I quite often seem to bump into the term "creative writing" these days. To be honest, I don't really know what to think. (Mostly) I think I get what it's supposed to mean, and I usually find myself liking the surroundings in which the term appear. Like 'creative writing workshops', which usually means 'people trying to write and think at the same time'.
My initial reaction to hearing "creative writing" is one of "is there another kind?"
And I think my problem with it is that it's an extremely useful term, but still completely rubbish. It made me think of the brilliant definition of creativity from Ken Robinson's equally brilliant presentation at TED (go watch. It's extraordinary). He's obviously talking about creativity as an absolute positive, not just the process of creating things - it's not the equivalent of producing. He defines creativity as:
"having original ideas that have value".
Which is beautiful, useful, interesting, thoughtprovoking... and complete rubbish. Leaving aside the exceedingly troubling notion of 'originality' for a moment - no wait, let's not:
So Beethoven wrote symphonies. That's not very original, is it? Haydn wrote 104 before him. Oh, but not that exact symphony, you say? So he basically kept the format and changed the notes? uhm yes... So, what if I just change them some more, is that original and creative? No, you see, Beethoven's is really good different... I don't have to elaborate, do I? originality in arts is so difficult a concept, that to invoke it in defining equally difficult concepts is just... not going anywhere. Maybe if you try defining part of creativity as "a labour aimed at being perceived as original". Creativity means, among other things, bringing about the feeling of newness to the receiver. Whether it's actually original is besides the point, I think.

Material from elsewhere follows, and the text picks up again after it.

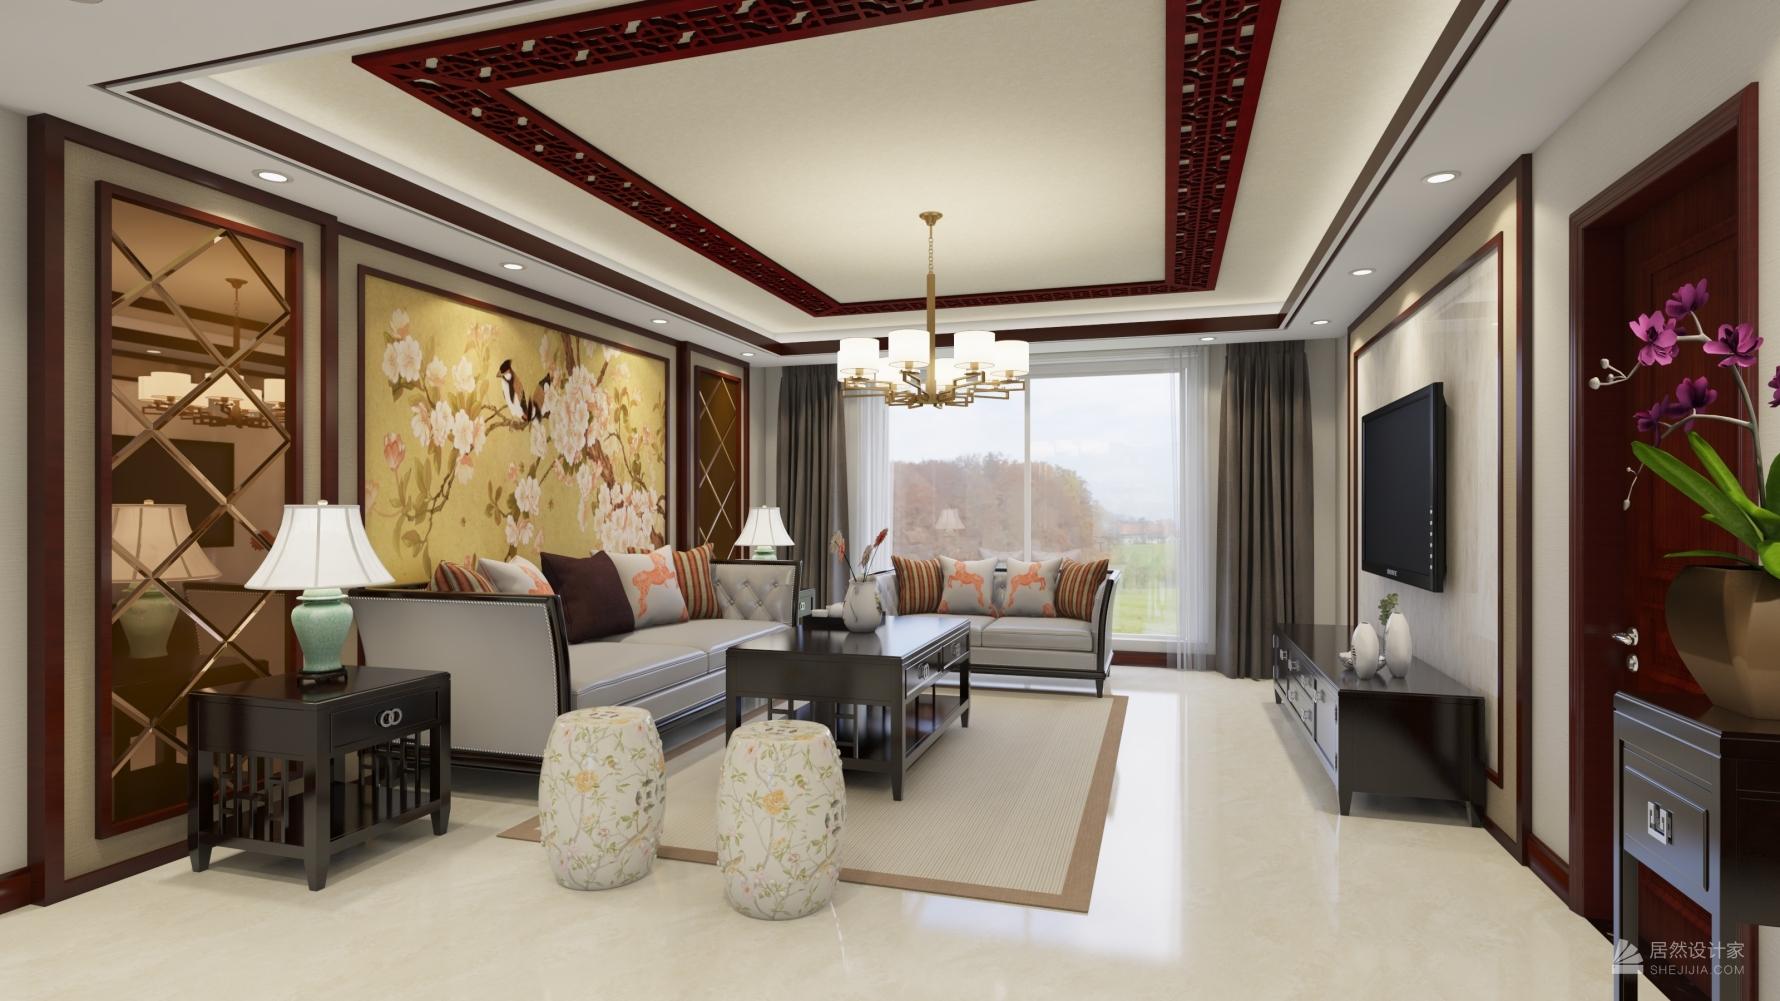 中式风格四室一厅装修设计图

[good] creativity is having original ideas [or old ideas just executed better]. So good creativity is having good ideas... that have value.
Ok, "... that have value". This is the biggie. Value how? This is a planner's thought. The creative person's idea has value if it end up adding to actual brand value, as measured by surveys.
But no one will dispute the creativity of Mozart or Beethoven, right? so, Sir Ken surely includes the vague idea of 'emotional value' in this, and rightfully so. But? Just down the road from "this has emotional value for me" lies "this is art for me" or other relativist rubbish. He's clearly not implying that as long as an idea holds emotional value for someone, it's "the good kind of creativity". We all love our ideas to death, doesn't mean they hold water. So are we to resort to some sort of democratic value scale? if 10 people find emotional value in an idea, is it creativity at work? What about 20? That's how it works in real life in many agencies, but surely that's not what Robinson is looking for. That would also imply that James Blunt is a major creative mind, since so many people (of dubious taste) find value in his crap, while Pete Principle or Tony Ogden was not.
What I'm hearing in Robinson's 'that have value' is basically: that are good.
So: [good] creativity is having good ideas that are good. Whoopdidoo.
Which is pretty much what creative writing means, isn't it. Since all acts of writing produce words, and thereby create stuff that wasn't there before, it's all in a sense creative. So what we really mean is that creative writing is writing that is good.
Writing that keeps you reading, that puzzles, that fuels passion, that infuriates, that soothes, that enlightens, that is good.
'Creative writing' sounds like there is such a thing as 'uncreative writing', which there really isn't. We all use words that were there to begin with - or most of them anyway. We're not that original. Creative writing is a little bit of a cop-out that implies that it is ok that we sometimes do uncreative writing, you know, the other kind. Like it's a choice between formal and casual clothes.
But it's not. Writing is either creative - or just plain bad.